─── DATA FOR THE TASK ───

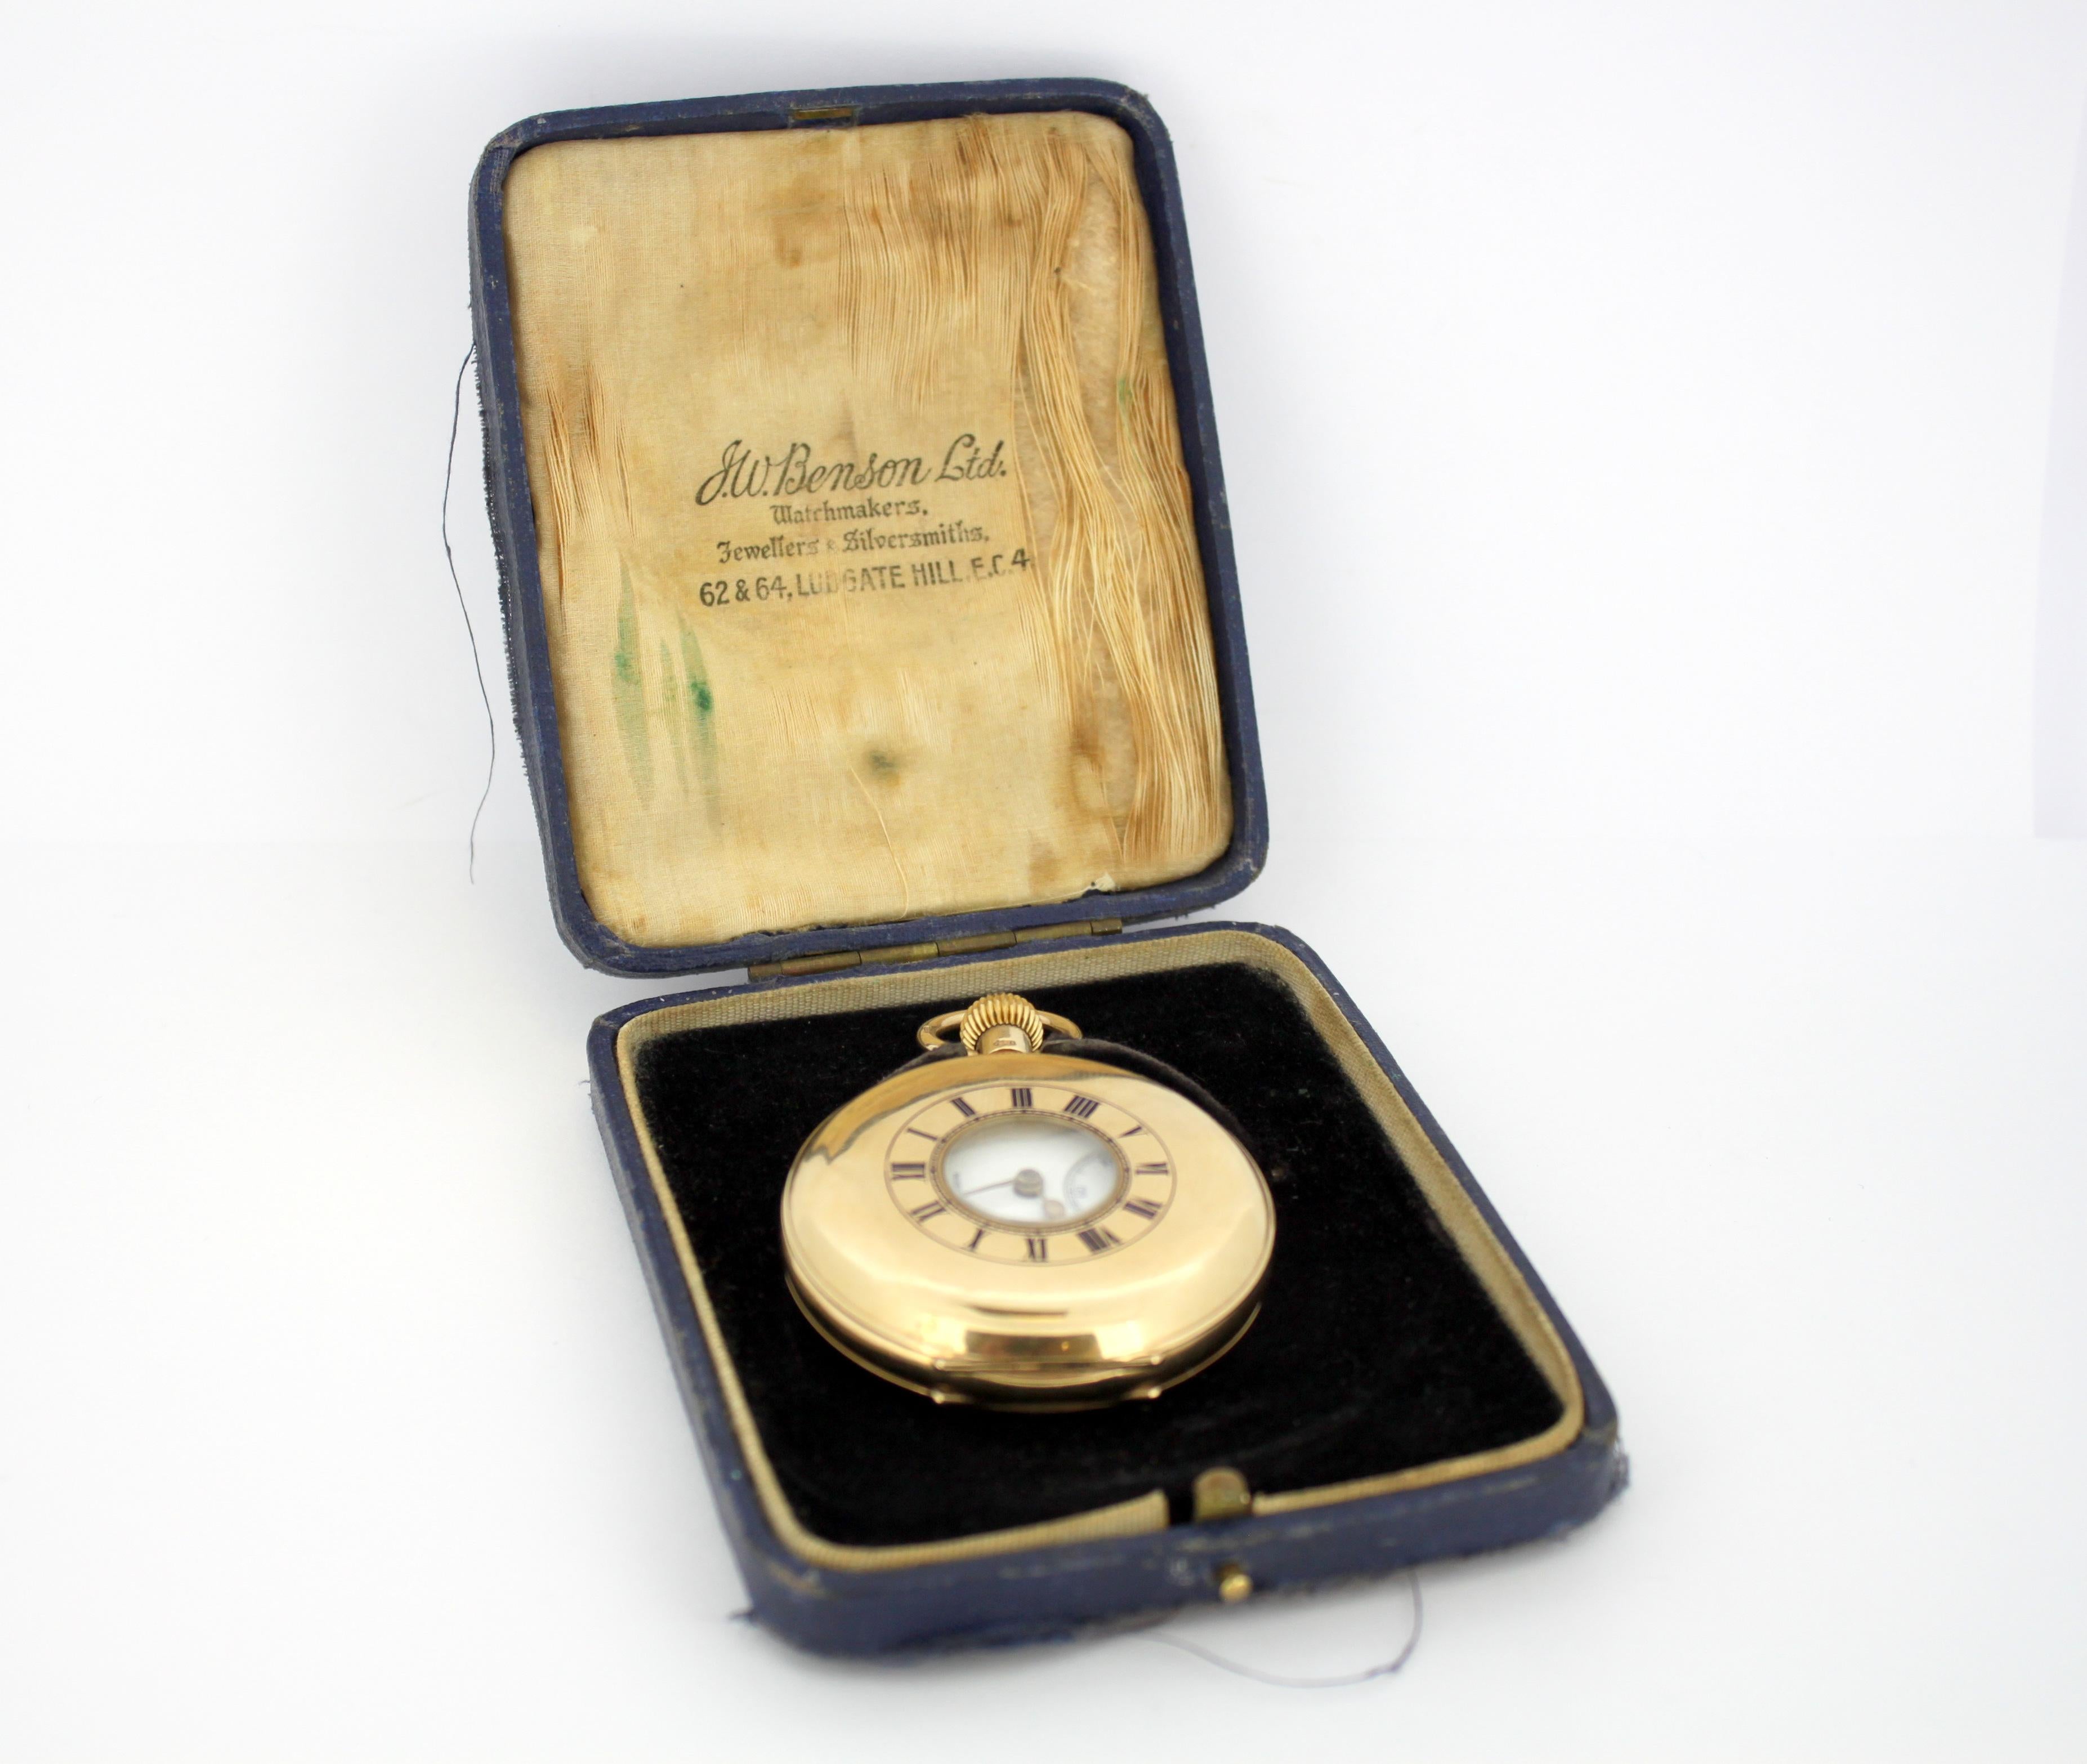 Antique JW Benson pocket watch set in 9kt yellow gold.
Made in London 1931
Fully hallmarked
Ref NR : 5155

Dimensions - 
Size : 6.9 x 4.9 x 1.3 cm
Weight : 96 grams

Condition: Pocket watch is pre-owned has surface scratches and some age wear

───

Word for word, give the entries back in full; the pictures do not belong in the copy.

 Antique JW Benson pocket watch set in 9kt yellow gold.
Made in London 1931
Fully hallmarked
Ref NR : 5155

Dimensions - 
Size : 6.9 x 4.9 x 1.3 cm
Weight : 96 grams

Condition: Pocket watch is pre-owned has surface scratches and some age wear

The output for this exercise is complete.